The fact that today in central and western Europe we have democracy, civic freedoms, private property and tolerance is a consequence of the fact that communism did not overtake this continent. But it could have done so! In eastern Europe communism was blocked by the victorious Polish defence against the invading Bolshevik army in 1920 and by the resistance of Catholic Poland against the imposed Soviet domination. That communism did not overtake Western Europe is to a large extent the result of the victorious civil war of traditional Spain against a communist government. The Spanish left, even though it obtained power by a democratic process, behaved similarly as in Bolshevik Russia. The main attack was directed against the Church. Almost seven thousand clergymen were murdered. Churches were desecrated. Roadside crosses and figures of saints were shot at. This attack on traditional Spain met with an immediate reaction of traditional forces. Communist Spain was helped by International Brigades organized by Bolshevik Russia. Following the communist mode, both the army and the government were totally infiltrated by party units and its secret services. Thanks to the Spanish right, to the Spanish army and its commanders, and in particular thanks to gen. Francisco Franco, the communist attack on Catholic Spain was thwarted. By this fact also the spread of the communist plague to other countries was prevented. The presence in European politics of such people as Franco, Salazar and de Valera guaranteed the maintenance of traditional values in Europe. We lack such statesmen today.

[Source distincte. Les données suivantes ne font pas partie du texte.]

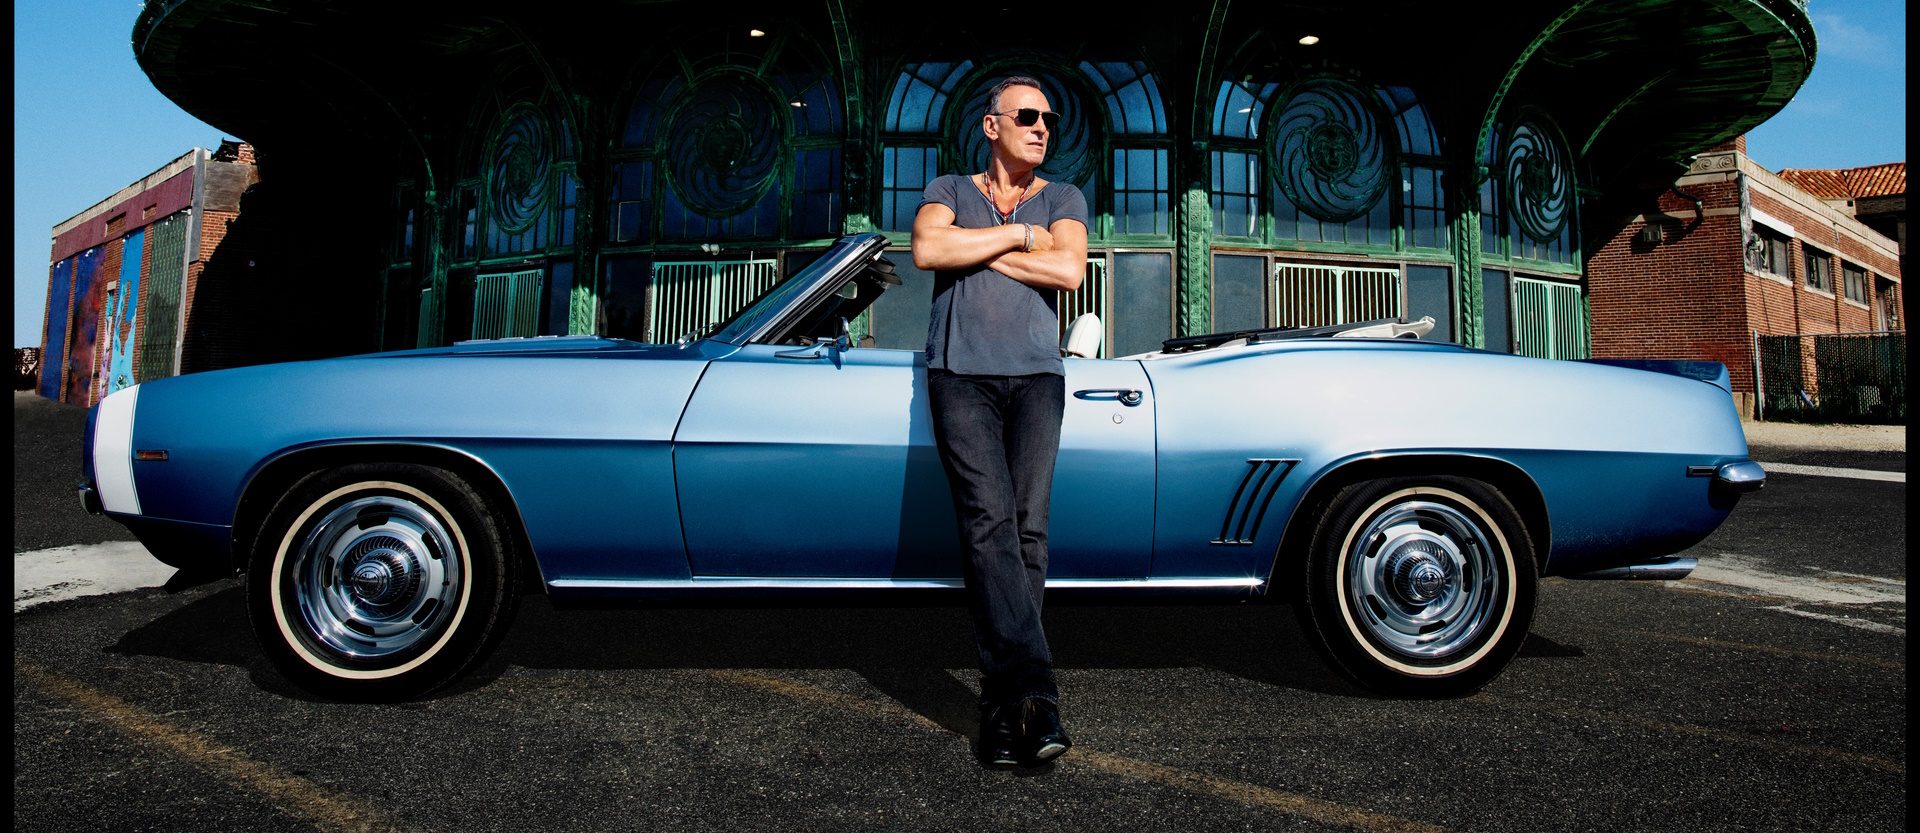 BRUCE_2023_color_Photo Danny Clinch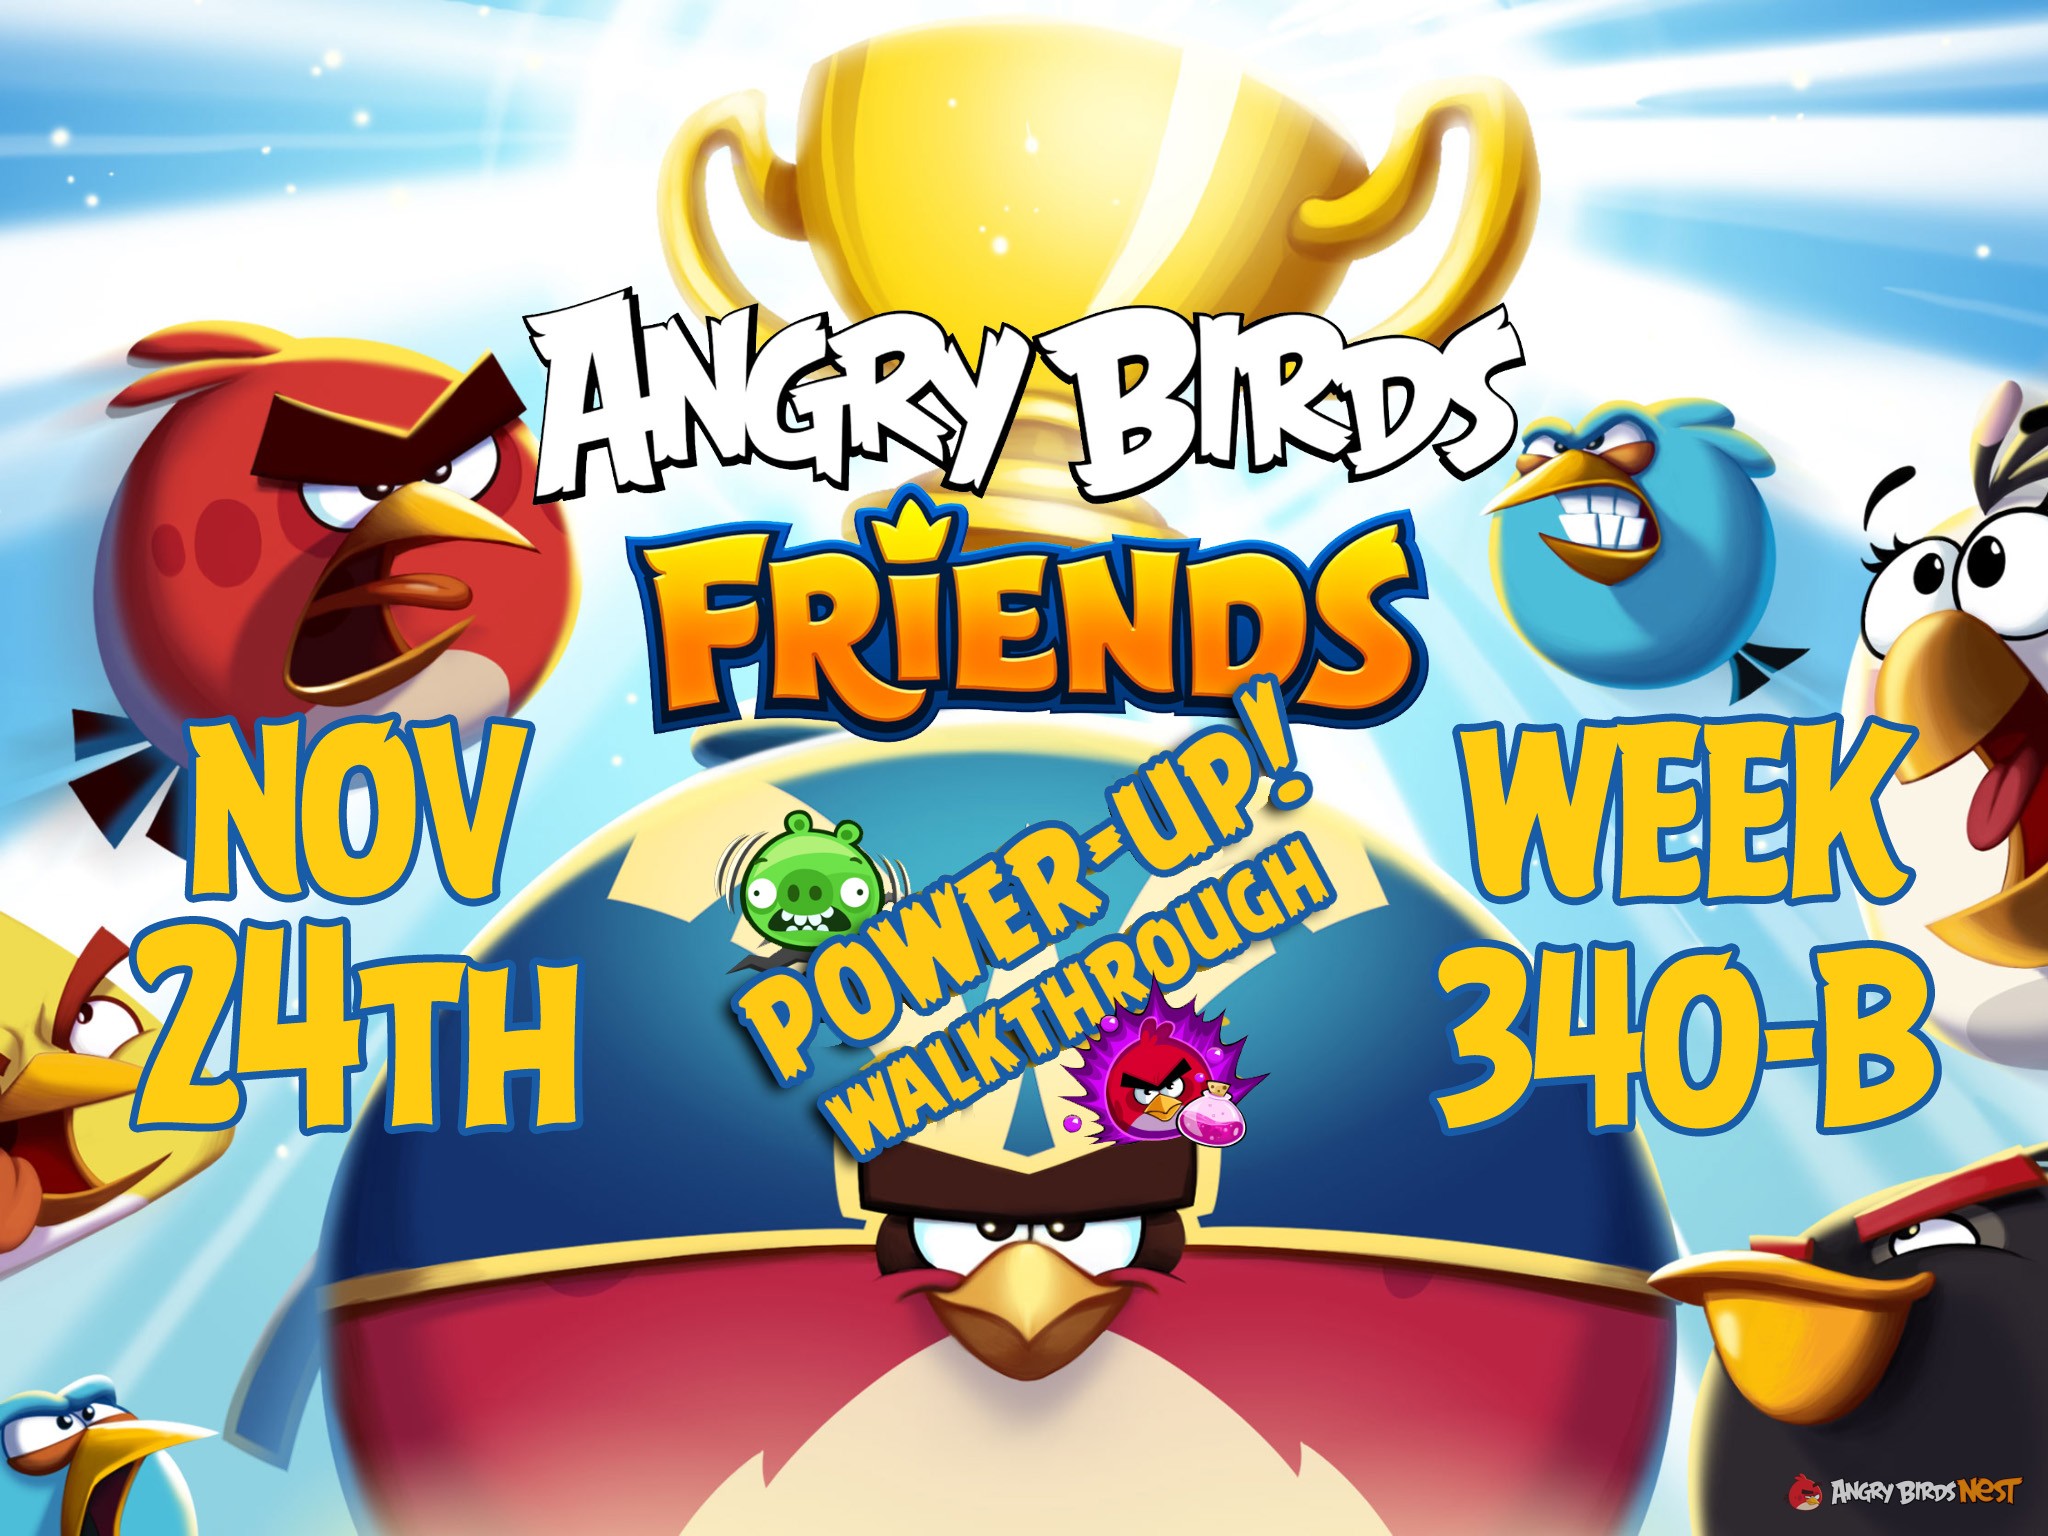 Angry-Birds-Friends-Tournament-Week-340-B-Feature-Image-PU

It is sad to say that today we observe a historical revisionism, which depends on the presentation in an unfavorable light of everything traditional and Catholic and in a favorable light of everything laic and socialist. Let us not forget. Nazism in Germany and fascism in Italy had also socialist and atheistic roots. The strength of the socialist and anti-Catholic block in this house is source of much concern. We had an example of this last month when voting on the documents on tolerance and on the 7th framework program. Christian Europe is loosing against the socialist and atheistic one. This has to change!"